[Opening Data segment section]
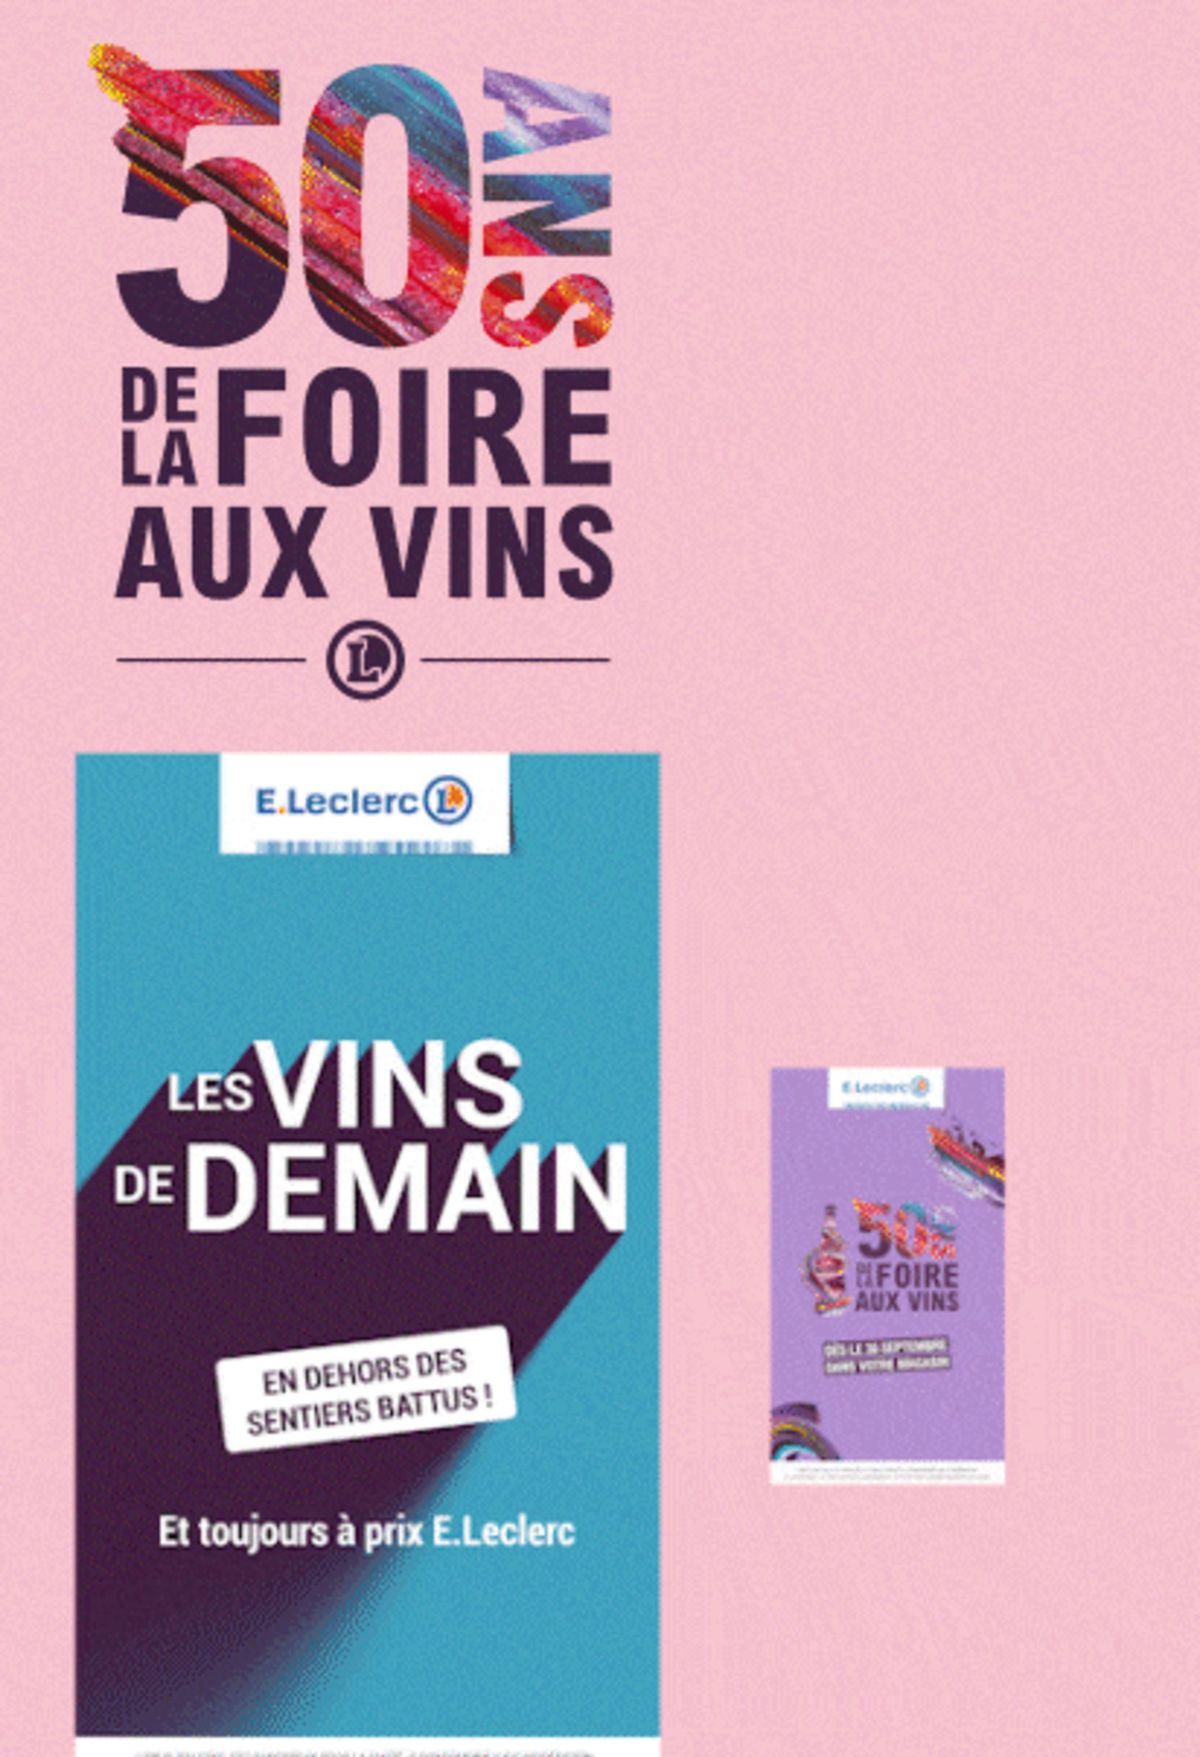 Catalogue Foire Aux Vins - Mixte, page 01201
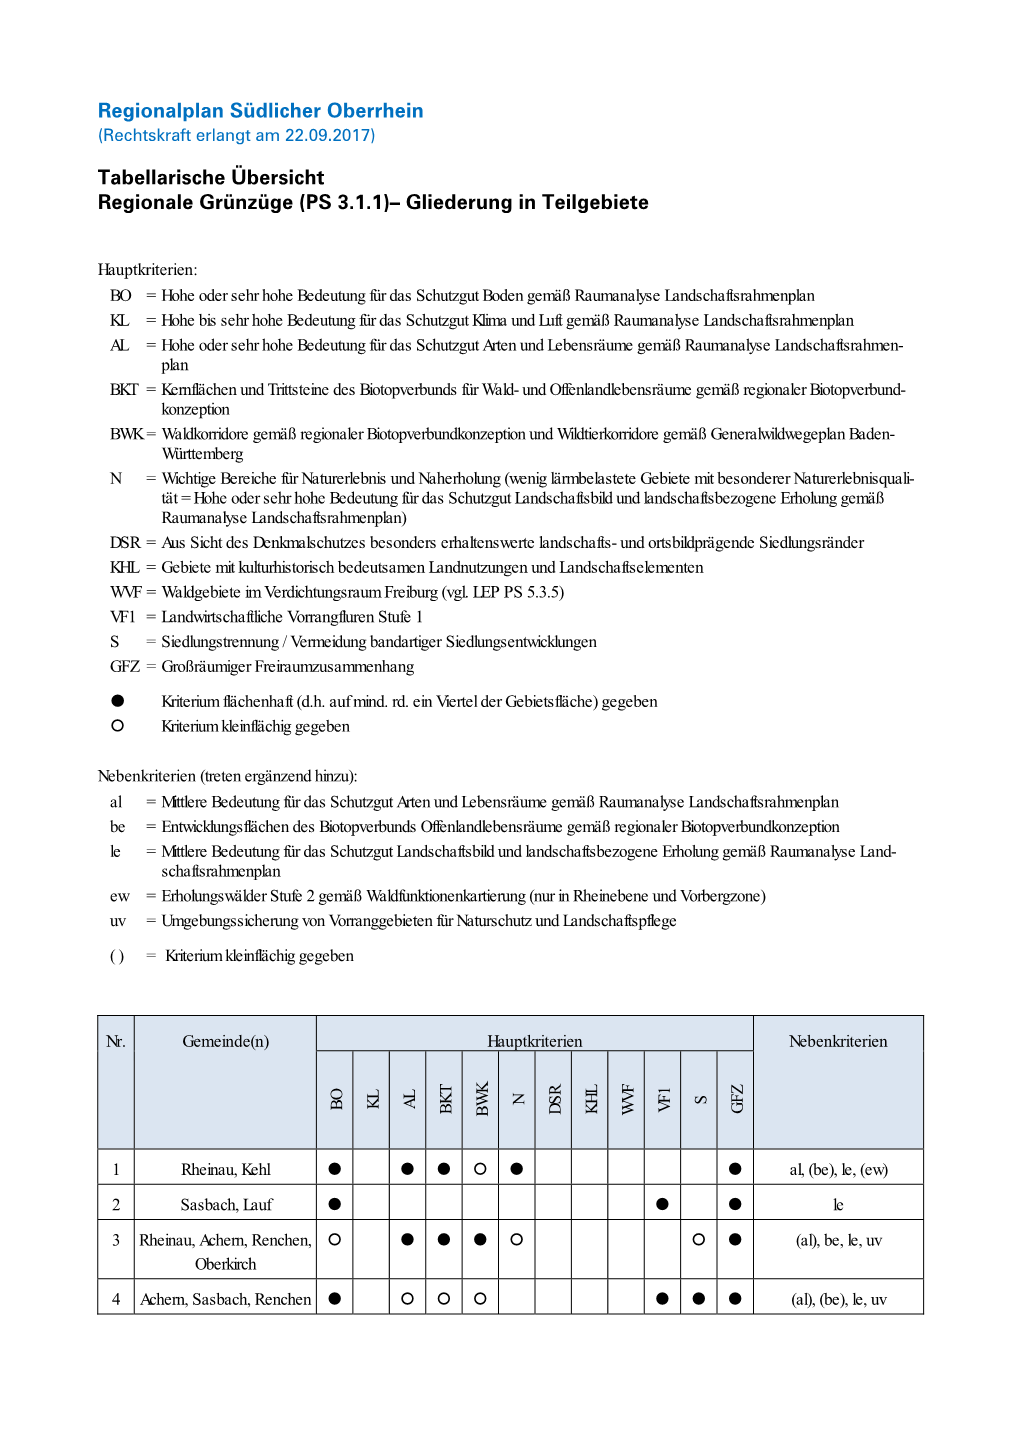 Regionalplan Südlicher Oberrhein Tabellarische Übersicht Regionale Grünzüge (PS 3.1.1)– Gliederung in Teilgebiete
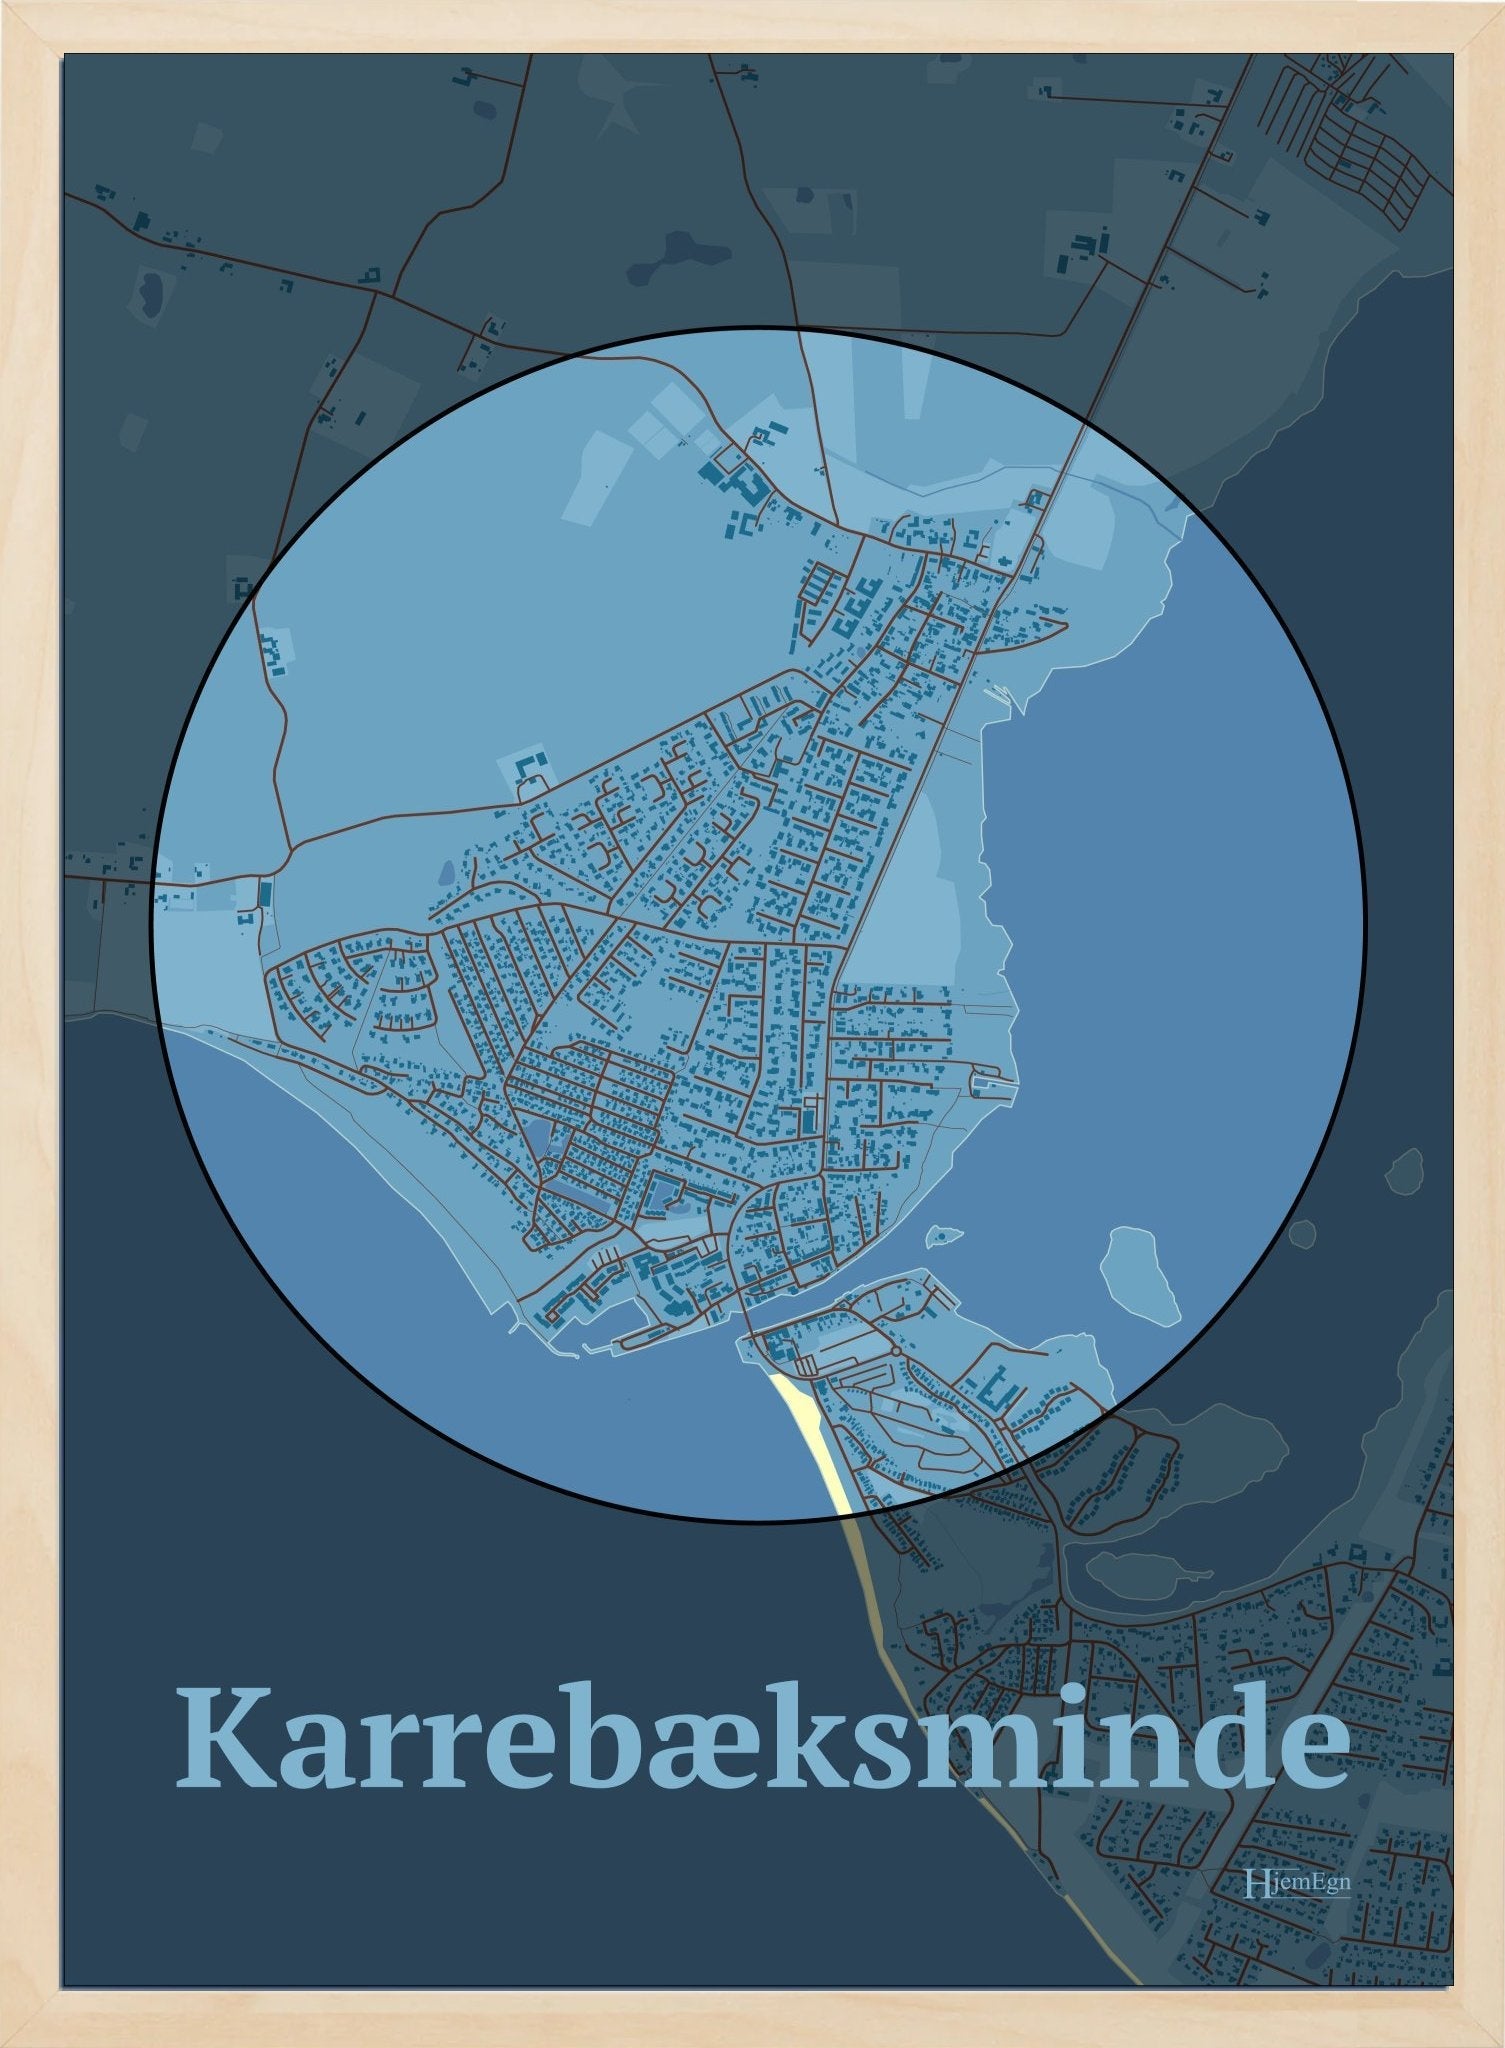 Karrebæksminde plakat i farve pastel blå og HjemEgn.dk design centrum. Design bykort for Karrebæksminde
[Closing Data segment section]
> _Exercise requirements_:
Print the listing again exactly, please. Keep the pictures out of it.

> _Problem solution_:
 Catalogue Foire Aux Vins - Mixte, page 01201
 Regionalplan Südlicher Oberrhein Tabellarische Übersicht Regionale Grünzüge (PS 3.1.1)– Gliederung in Teilgebiete
 Karrebæksminde plakat i farve pastel blå og HjemEgn.dk design centrum. Design bykort for Karrebæksminde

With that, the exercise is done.